Соблазненный евразийскими эмоциями, я в 20-х годах примыкал к евразийскому течению.
Думаю, что помимо полдюжины идеологов евразийства евразийская «масса» (в Праге ― тридцать-сорок человек) примыкала к евразийству не по идеологическим мотивам. Это были в большинстве своем воины Белой армии, озлобленные на Европу за то, что она недостаточно помогла Белому движению во время Гражданской войны, а потом не только не оценила, но даже не заметила великую историческую услугу Белой армии, которая своей трехлетней борьбой истощила военные и финансовые силы красной империи и не позволила Ленину превратить Европу в Европейский Союз Советских Социалистических Республик, к чему он так страстно стремился и чего мог бы легко достигнуть в 1919―20 гг. <…>
На собраниях евразийского семинара мне часто приходилось выступать против господствовавшей там преувеличенной враждебности к европейскому Западу, и я говорил, что «состою при евразийской церкви на должности штатного еретика». Однажды на собрании евразийского семинара один крайний антиевропеец сказал, вернее, почти крикнул мне:
― Сергей Германыч! Вы сидите между двух стульев!

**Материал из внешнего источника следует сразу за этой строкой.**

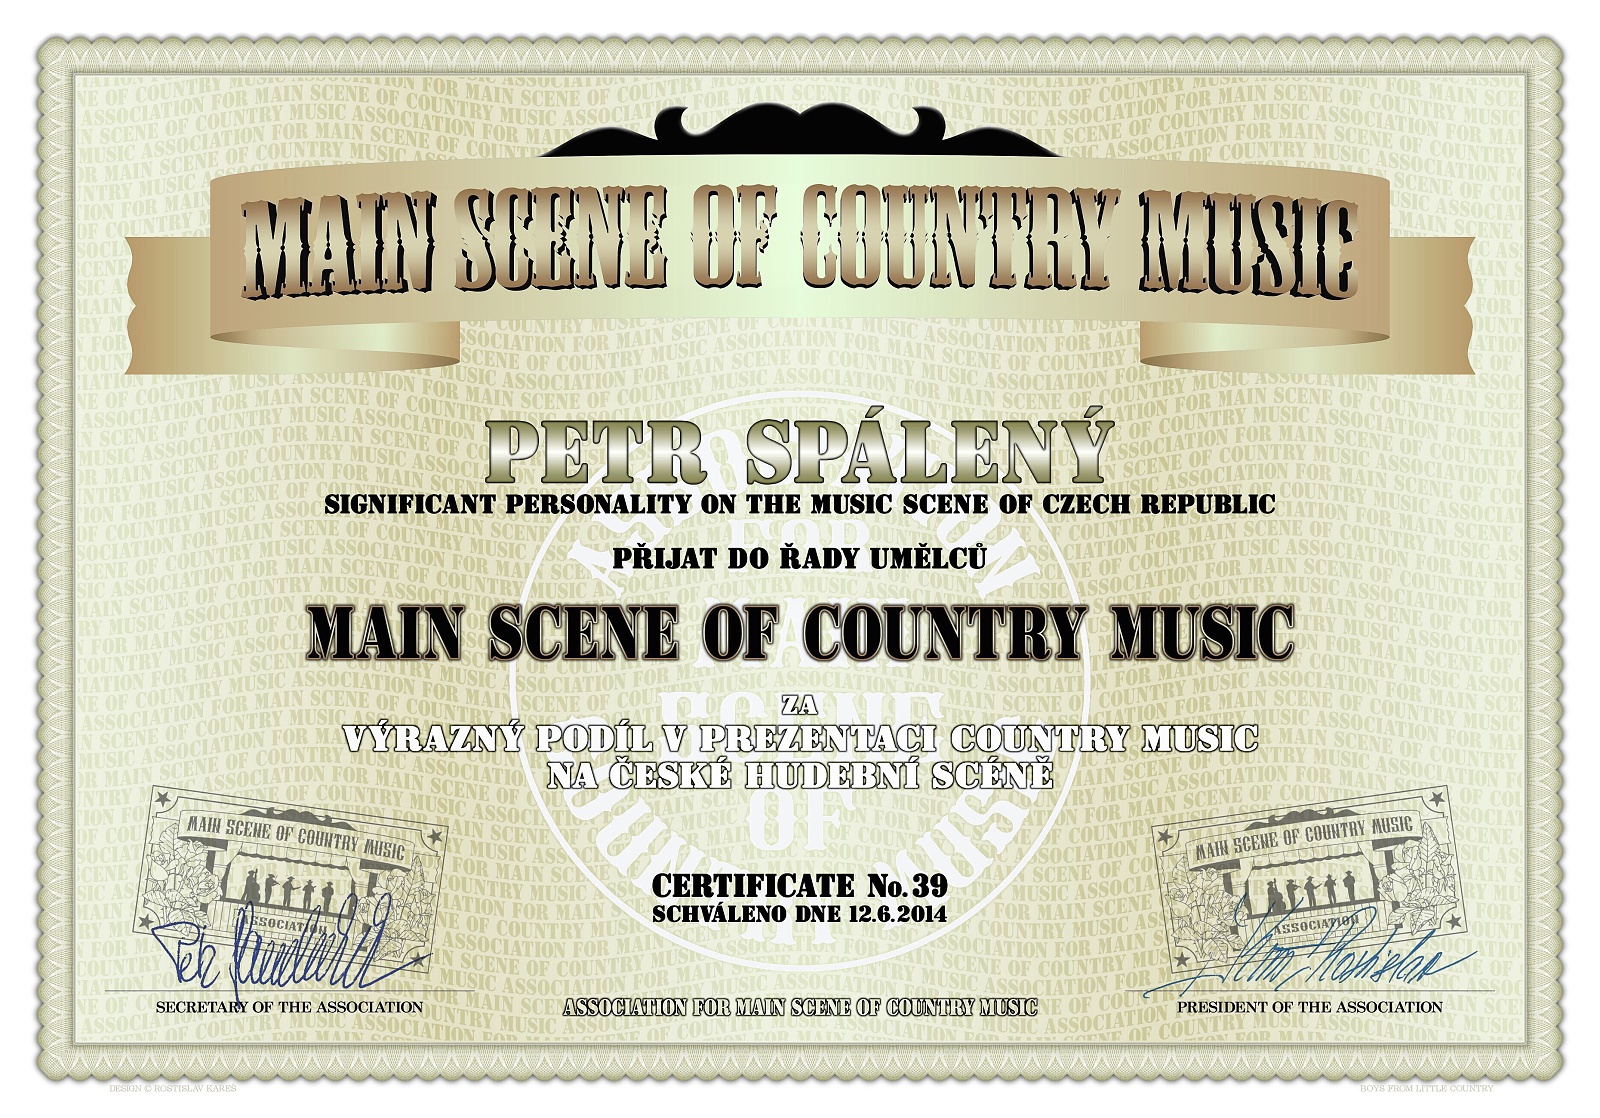 CE 39 - Main Scene of Country Music

Попросив слова для ответа, я вышел из рядов, вытащил три пустых стула, поставил их рядом перед публикой, сел на средний стул и сказал:
― Да, Николай Петрович, вы совершенно правы, я сижу между двух стульев. Но всех стульев-то не два, а три, вот вам направо (жест правой рукой) ― Азия, налево (жест левой рукой) ― Европа, а я сижу между ними, но не на пустом месте, а на своем собственном стуле, называемом Евразией.
Публика весело рассмеялась…
В апреле 1945 г. стало очевидно, что советская армия неудержимо движется на Запад и не остановится перед воротами Праги. Что было делать?
Кроме жуткой неизвестности будущего существовало и административное препятствие: выезд из Праги был запрещен. Выехать было можно только по особой надобности с разрешения немецких властей. Но я решил: бежать куда бы то ни было и во что бы то ни стало!
Итак, было решено бежать на Запад. <…> Набралось мест 6 или 7 тяжелого багажа и 5 ручного на трех человек. Складывалось белье и одежда всех сортов, включая куски материи и теплые пальто; немного необходимой посуды, немного консервов «на первое время». И я захватил некоторые свои печатные произведения и рукописи как доказательство того, что я действительно русский ученый, а не спекулянт или контрабандист.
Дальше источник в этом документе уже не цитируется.